Ramona, the third album from Melbourne belter Grace Cummings, seems at first like a potential masterpiece, a new pinnacle in the pantheon of tortured soul. Through the 11 suggestive character studies and love-reciprocal scenes, Cummings renders each moment with undiminished emotional intensity, as if each emotion were the last that would ever matter. Hear her grow, for example, from long-faced tenderness at the beginning of “A Precious Thing” to an operatic mercenary screaming for love. “But I don't give a damn,” she roars like Diamanda Galás on a Disney ride designed by Dante. Or check out the cracks in her voice as she fends off an Amy Winehouse best man during “Something Going 'Round,” evidence of the self-doubt rooted in that opening love letter. Built by a band that has clearly studied the glories of the Wrecking Crew and is gilded with strings and harp, Ramona he holds a unique and powerful voice in a strikingly grandiose frame, not unlike Rufus Wainwright's I want one or Weyes Blood's The Titanic is rising.

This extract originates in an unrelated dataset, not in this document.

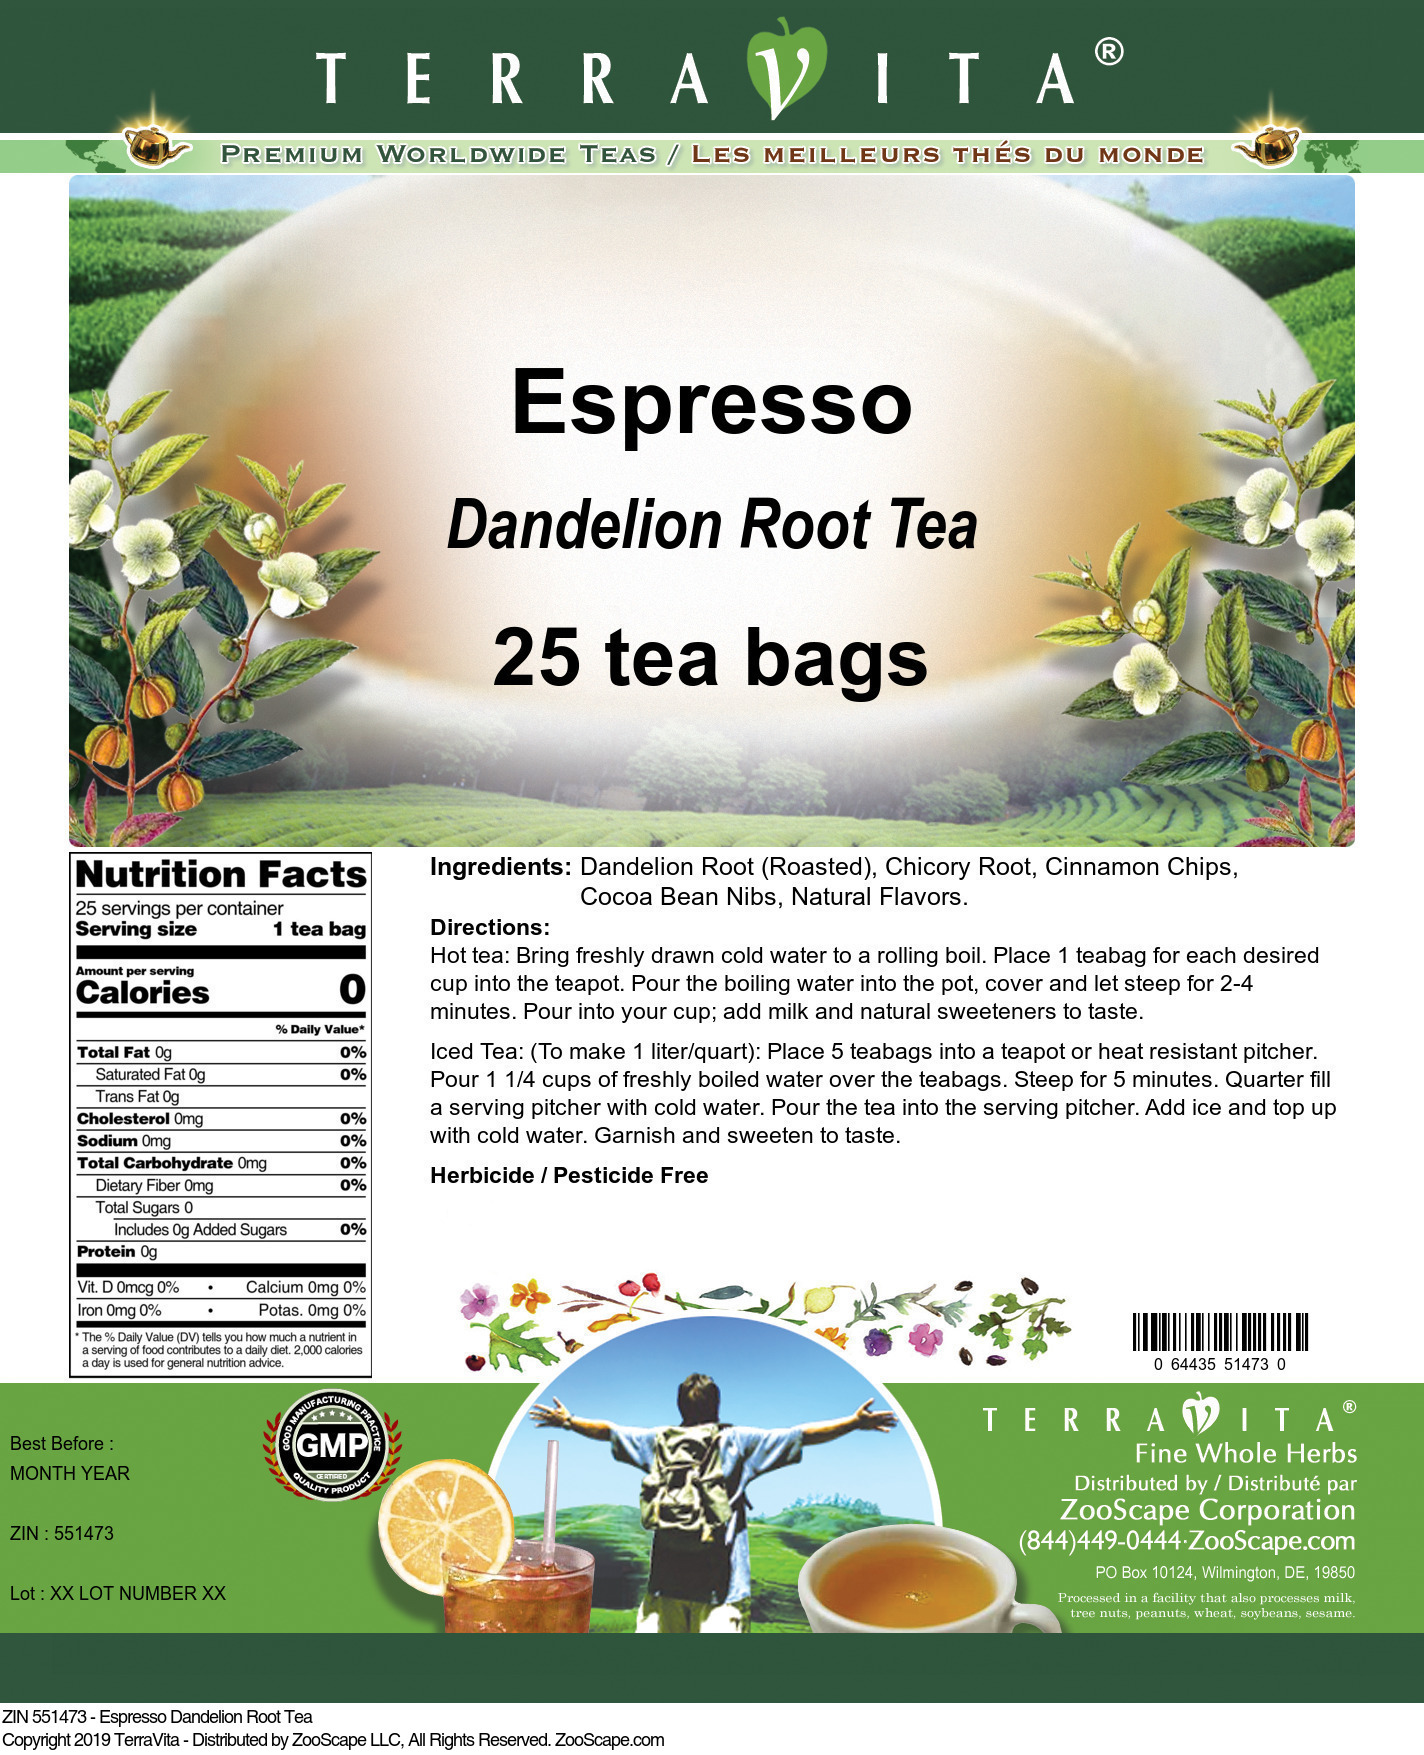 Espresso Dandelion Root Tea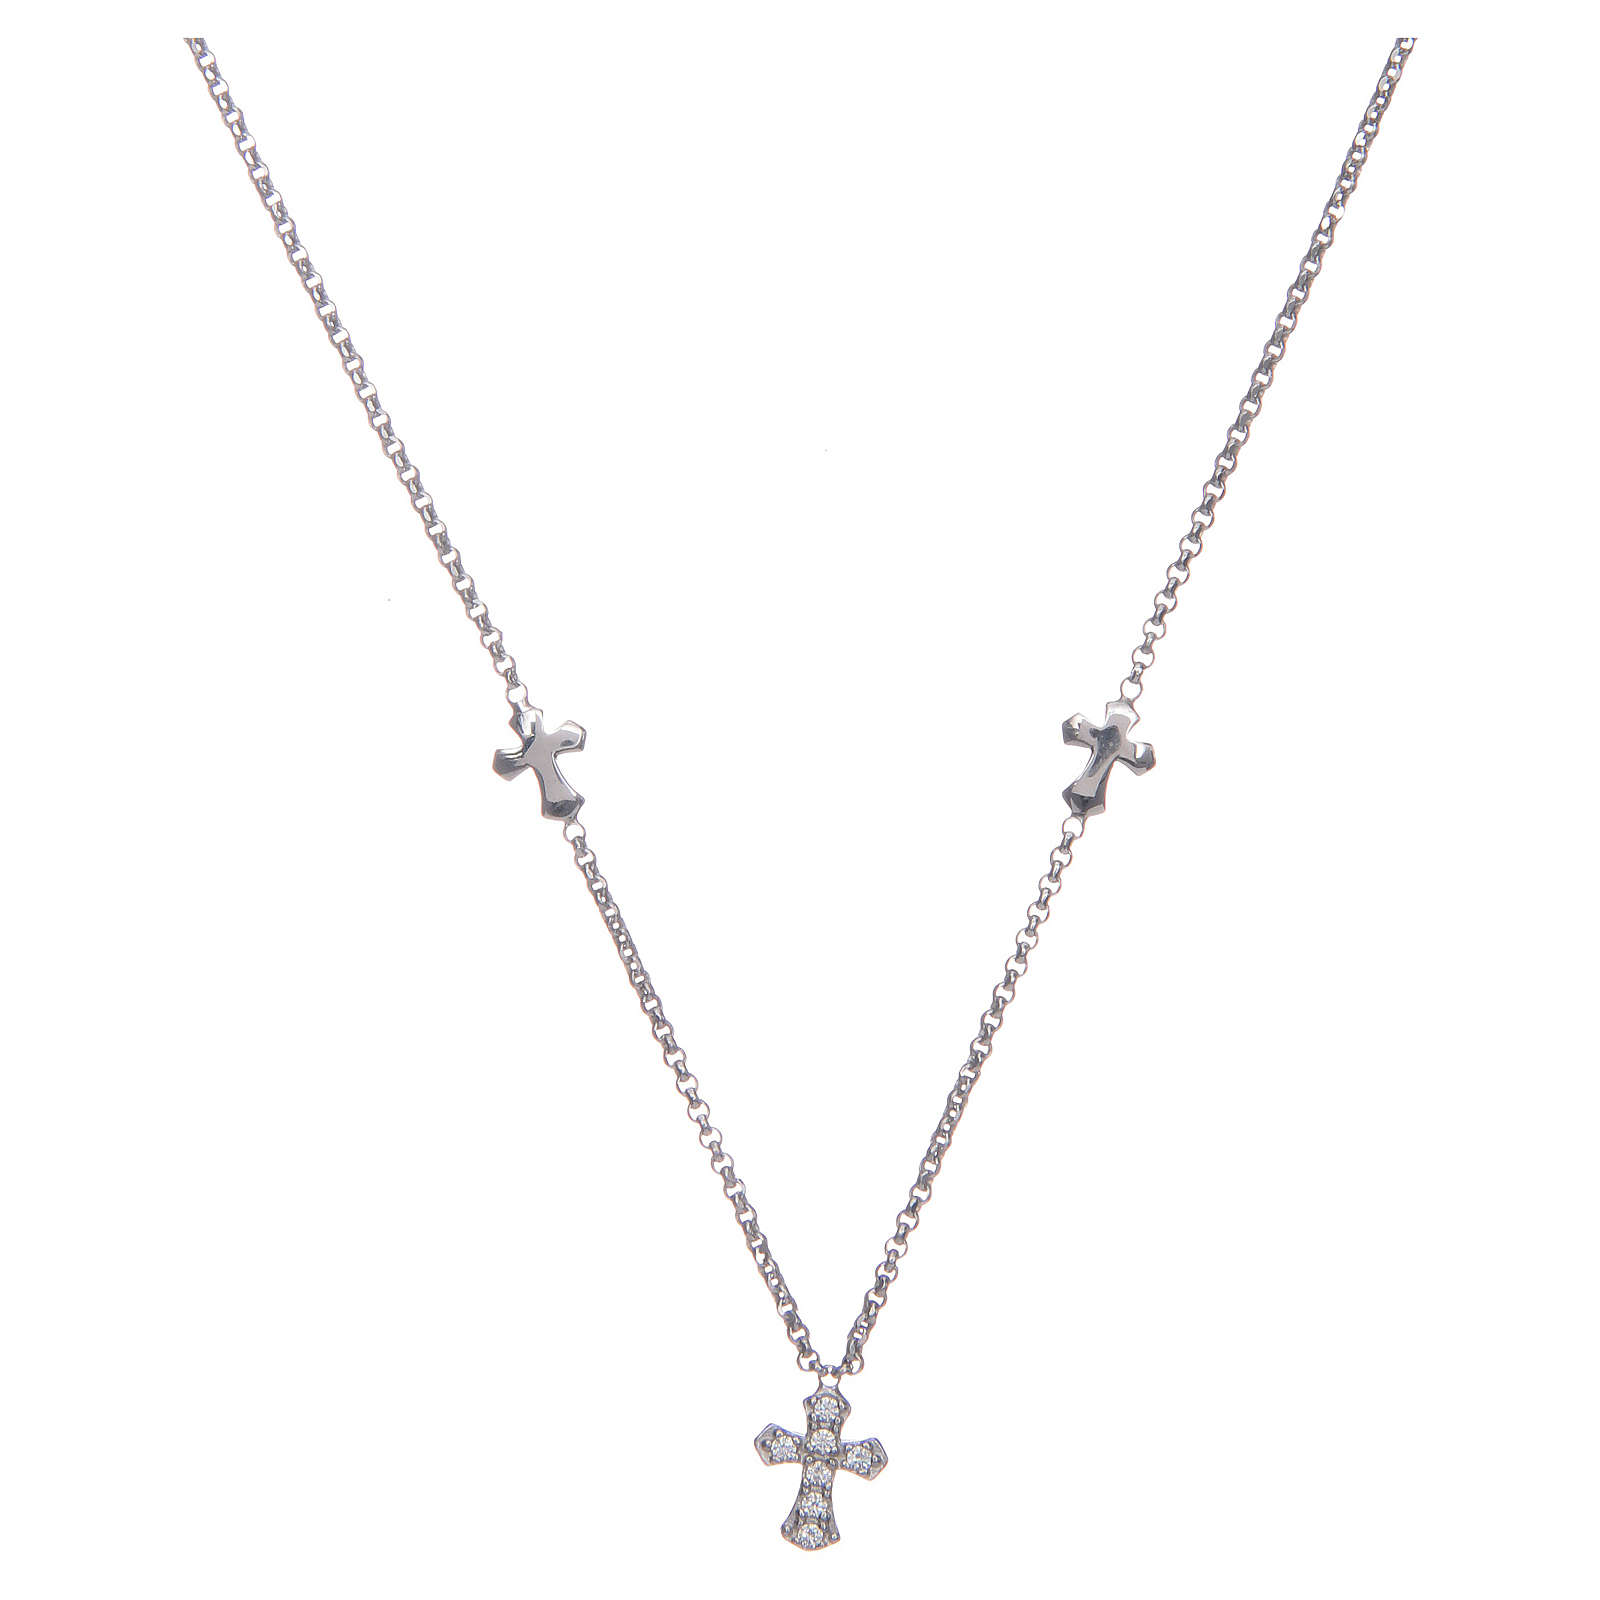 Kette AMEN Silber 925 Kreuzen 4

But you know that friend you like to see for an hour every now and then, who shares all the news about his life in an exciting but exhausting torrent? This could be it Ramona after repeated spins, when Cummings' lack of restraint, combined with the band's sneaky insistence on repeating sounds that are often 60 years old, becomes too unpleasant for too long. After self-producing her first two records, Cummings linked up with Topanga Canyon vintage king and session ace Jonathan Wilson, who let her focus on not holding back. That's commendable, but it results in an album that has the dynamic range and limited application of a powerful lens. You recognize its incredible power, but you'd better not look at the source for too long.
Cummings isn't shy about courting a legendary company. After all, the lead on “Ramona,” a smoldering pseudo-Gothic number that eventually ignites into a full-on flame song, is borrowed from Bob Dylan. (She calls him back for the number's finale, with mocking repetition that mirrors “Just Like a Woman.”) There's a bit of Johnny Cash's “Cry cry cry,” toward the end of “Everybody's Somebody,” which borrows the sound of Memphis' Stax rather than his Sun to challenge a strange collaborator. He picks up from Townes Van Zandt during “Without You,” where he double-crosses Dylan's lines. There are glimpses of Nick Cave and Nancy Sinatra and, on the album's final verse, Cummings samples Dylan, Neil Young and George Harrison like some shop magpie. The band, led by Wilson and multi-instrumentalist Drew Erickson, responds in kind, stitching clear threads of Radiohead, Phil Spector, Hal Blaine and Chris Isaak into these songs.